• Identified SONNET scenarios and use-cases, system architecture, requirements and performance indicators
• Identified a Context-Aware Architecture for Self-Organization and context-based scheduling applications (figure 1)
• Developed a context-based battery priority scheduling algorithm for limited battery powered devices utilizing high data rate demanding applications.
• Proposed a Multi-domain SDN MEC architecture (figure 2) for resource provisioning. In particular, a deadlock aware algorithm for scheduling resources for Industrial IoT (IIoT) devices onto a MEC platform which incorporates the banker’s resource-request algorithm is proposed.
• Design and development of an energy-aware routing algorithm for SDN based Networks
We proposed a novel Temporal Resource-aware Routing Algorithm for SDN (STR-RA). Performance of the algorithm is verified using a GNS3 based implementation with an Opendaylight controller. The simulation results were compared against legacy RIP (Routing Information Protocols) and OSPF(Open Shortest Path First) protocols, where a gain of up to 6 orders of magnitude was observed in E2E (End-to-End) delay reduction.
• Design of SO-Network Sharing for heterogeneous networks (figure 3)
A mobile networking scenario was proposed that exploit the context-aware architecture paradigm, and SON module to gather context information about the user Signal-to-Noise and Interference in order to maximise the coverage-capacity of the network under a network sharing regime, as well to ensure energy efficient connectivity.
• Design of novel SO-CoMP transmission approaches for beyond 5G networks
SONNET implemented a hybrid approach based on centralized and distributed self-organized small cells that achieves low signalling overhead through direct small cell communication. The SON approach is shaped by two different optimization approaches, that include machine learning (ML) and game theory.

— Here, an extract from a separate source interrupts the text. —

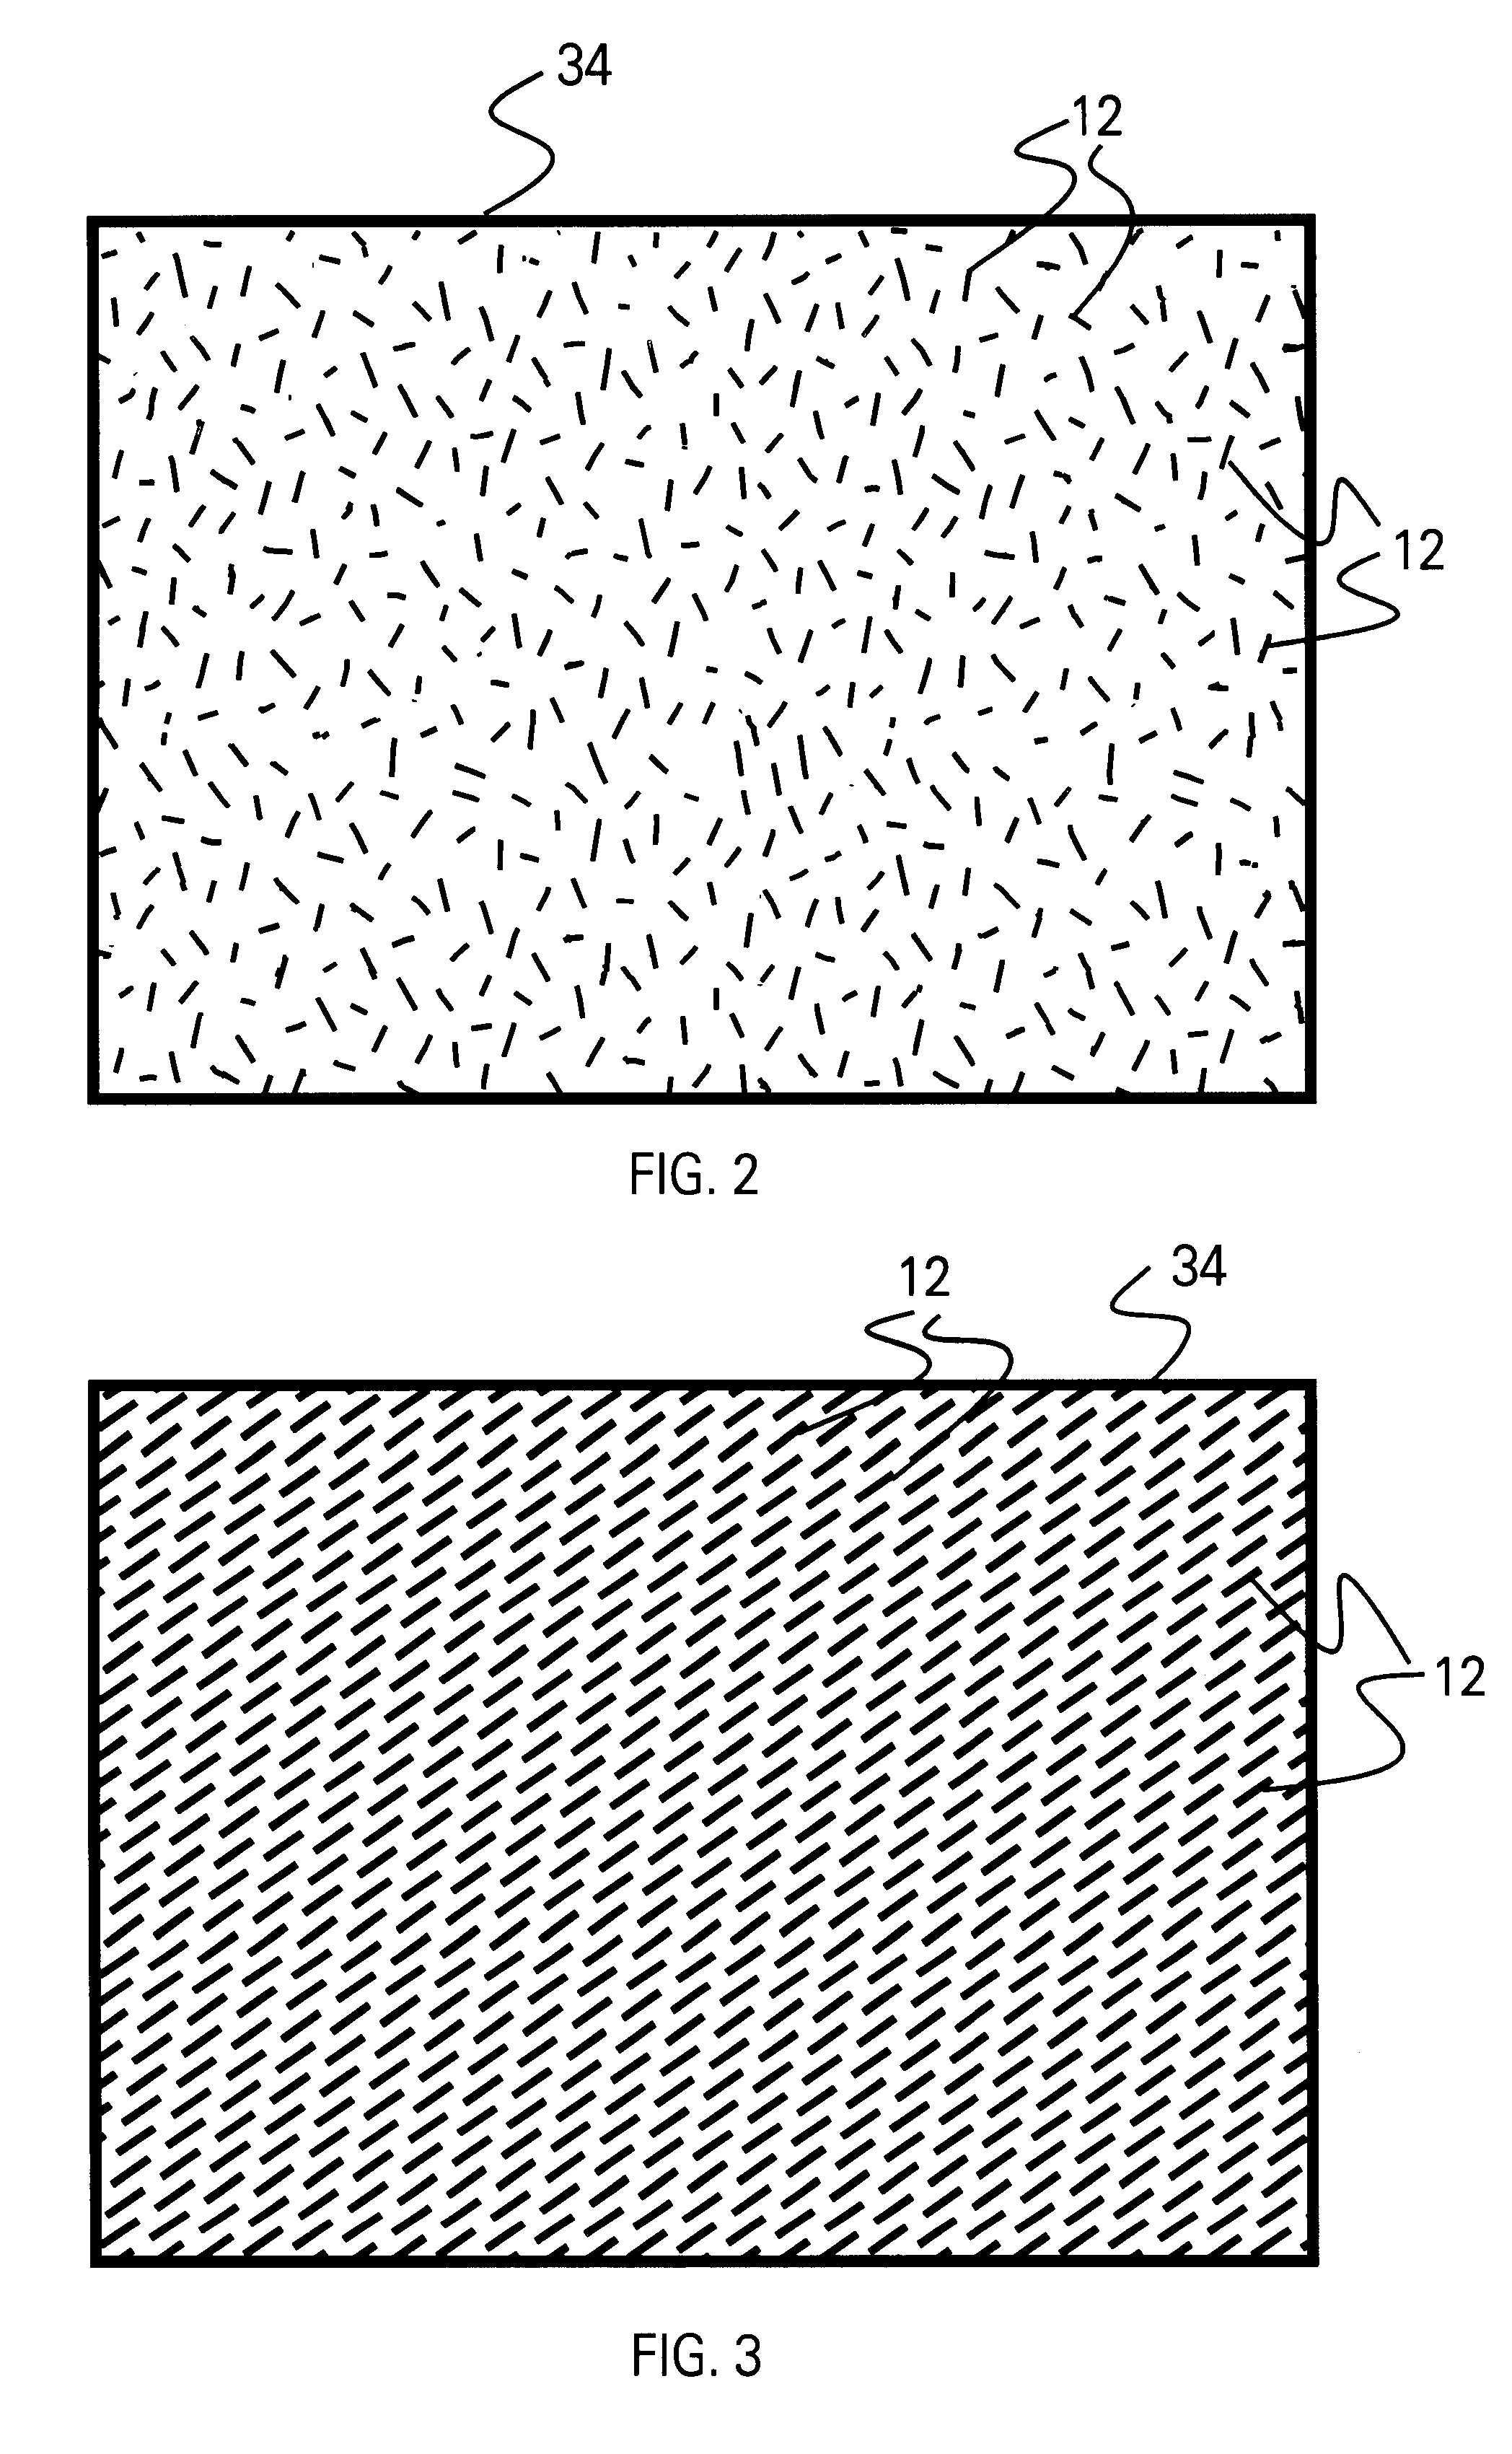 Method of aligning nanowires

• An integrated SONNET testbed was developed, that is able to emulate interconnected heterogeneous infrastructures within a cloud based framework; this involved the integration of an in-house network (LSBU) and system level simulator (GS) with a commercial ray tracer tool (SIG). In particular, the SONNET deployment entertains a novel SO-KDN (Self-Organised Knowledge-Defined Networking) model which provides beyond-5G self-organization (Self-Optimization, Self-Configuration, Self-Healing and Self-Learning) on a Knowledge-Defined Network. A comprehensive set of simulation results were given too demonstrate how SO and machine learning in synergy can optimise network performance for the routing-as-a-service use-case.
The dissemination plan led to 32 published works (20 journals, 12 conference papers), 3 international workshops, and several key note talks and tutorials. The exploitation plan led to influencing the standards community through publication in the IEEE Communications Standards Magazine (SDN-Sim: Integrating a System-Level Simulator with a Software Defined Network; 4(1), March 2020). The scientifc outcomes also provided the basis for tutorials (for e.g. CollaborateCom 2019, AI-as-Service), and content for laboratory coursework (new experimentation problem-solving) that was included in the MSc program at the Uni. of Patras (Greece) and London South bank University (UK).